Late Friday evening, the US House released language that would extend the Farm Bill for 1 year. According to a document published on the House web site, the measure would, “Extend all titles and programs to the end of 2013, with the major change providing drought assistance to livestock and elimination of direct payments to cover the emergency assistance.” It is unclear if this is seeking an actual extension or providing a vehicle for a Senate-House Farm Bill conference.
Meanwhile, farm groups continue to press for action on the Farm Bill. On Friday, the National Corn Growers Association released a statement calling on the House to take action, “America’s farmers need a new farm bill that will allow them the ability to make sound business decisions for the next five years. An extension of current law fails to provide the needed level of certainty. The National Corn Growers Association has strongly advocated programs, such as direct payments, be reformed into more efficient farm policy that will be responsive to taxpayers.”
How the House will proceed with an extension remains unclear. House leaders need to determine what kind of rule on amendments will govern debate. The Republican leadership in the House has generally pursued a policy of open rules — at least when talking about the House Agriculture Committee’s Farm Bill. Ranking Member Collin Peterson said he was hopeful the Rules Committee would agree to a modified open rule, limiting the number of amendments. Another option is a closed rule which would not allow for amendments.

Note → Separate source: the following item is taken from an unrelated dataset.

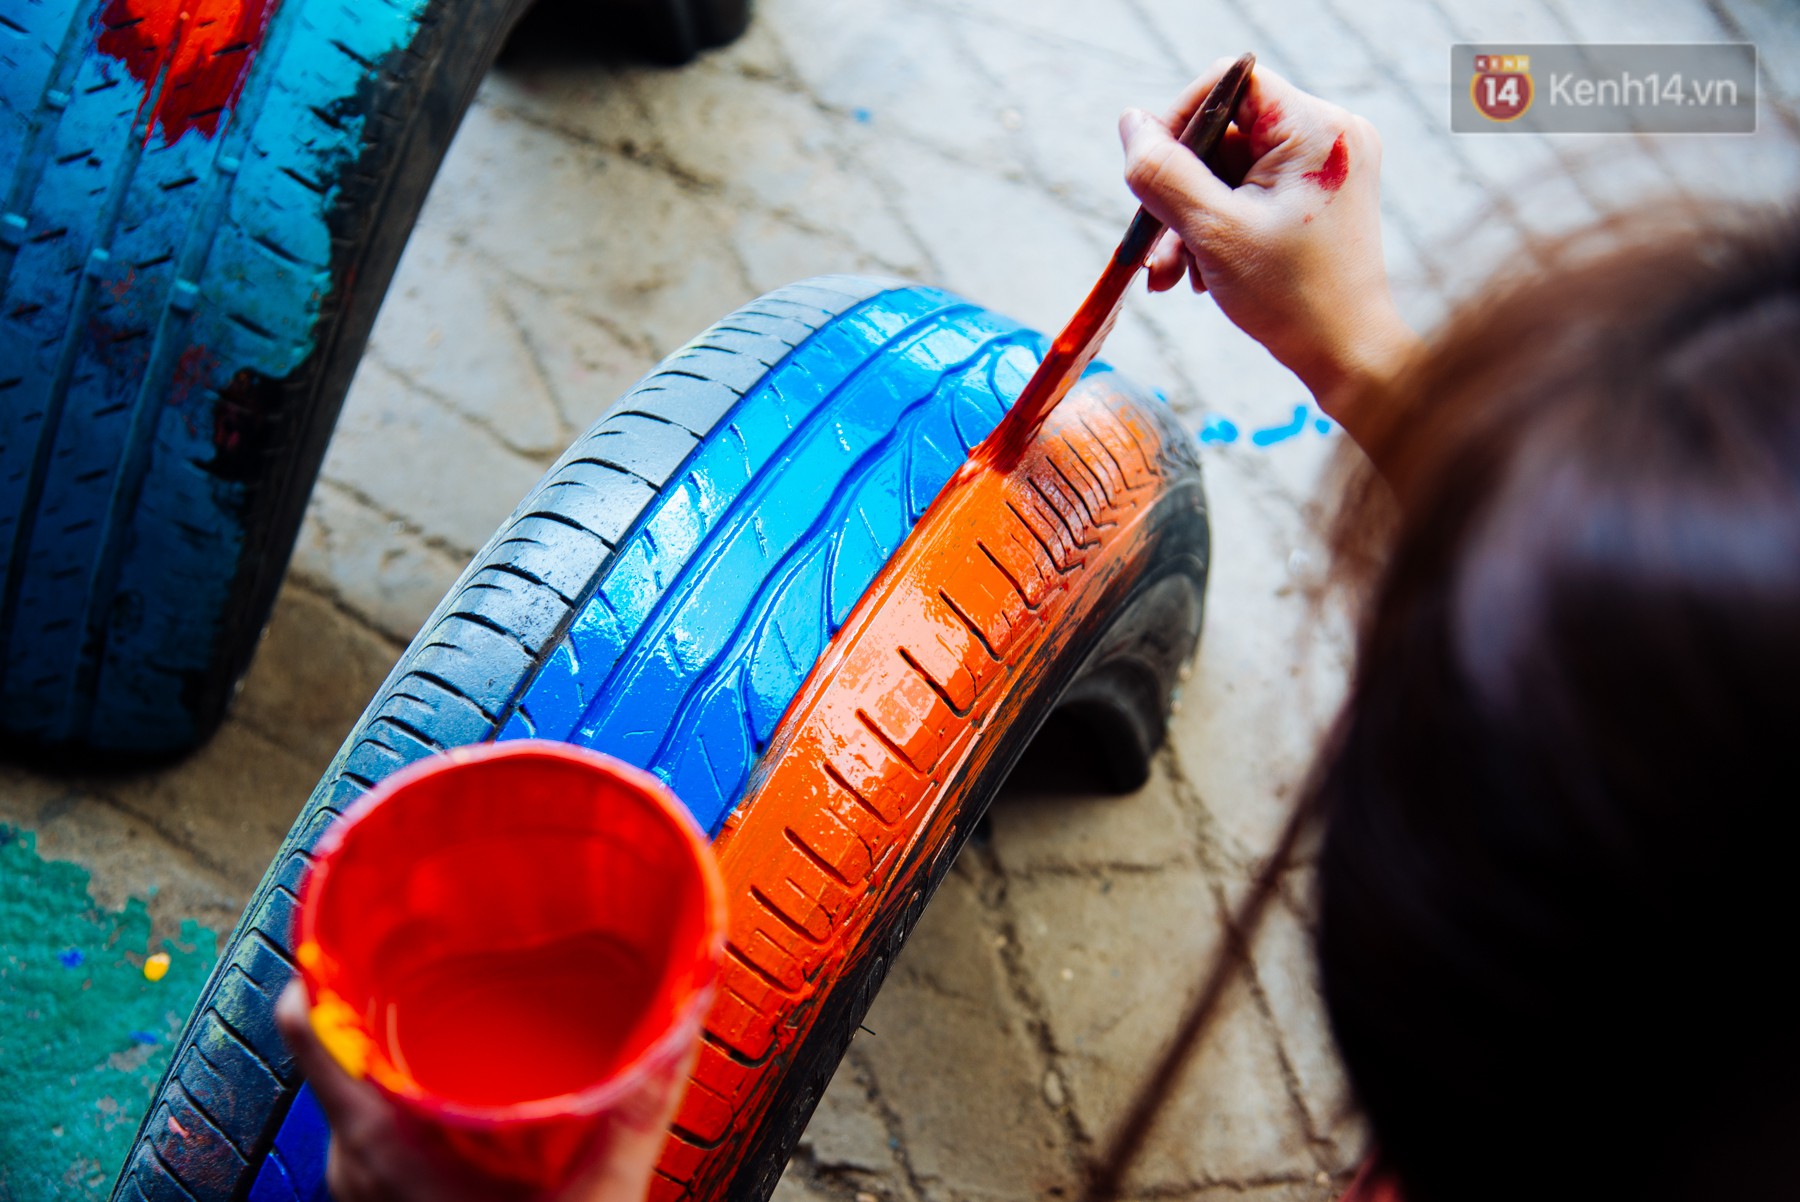 Nhận về những vỏ lốp ô tô hư hỏng và đây là cách mà nhóm bạn trẻ tạo nên một sân chơi cho các em nhỏ ở Bình Phước - Ảnh 7.

Senate Agriculture Committee Chair Debbie Stabenow expressed that she was open to the House approach, if they intend to send a bill that will be used to negotiate the Farm Bill during August. But, she says a short-term extension is bad for farmers and the agricultural economy. If Congress kicks the can down the road with a short-term extension, Stabenow noted there will be no reform, direct payments will continue, we will lose the opportunity for major deficit reduction and deliver a real blow to the nation’s economic recovery. At the end of the day, she says it’s important to give farmers certainty with a full Farm Bill and keeping the ag economy growing.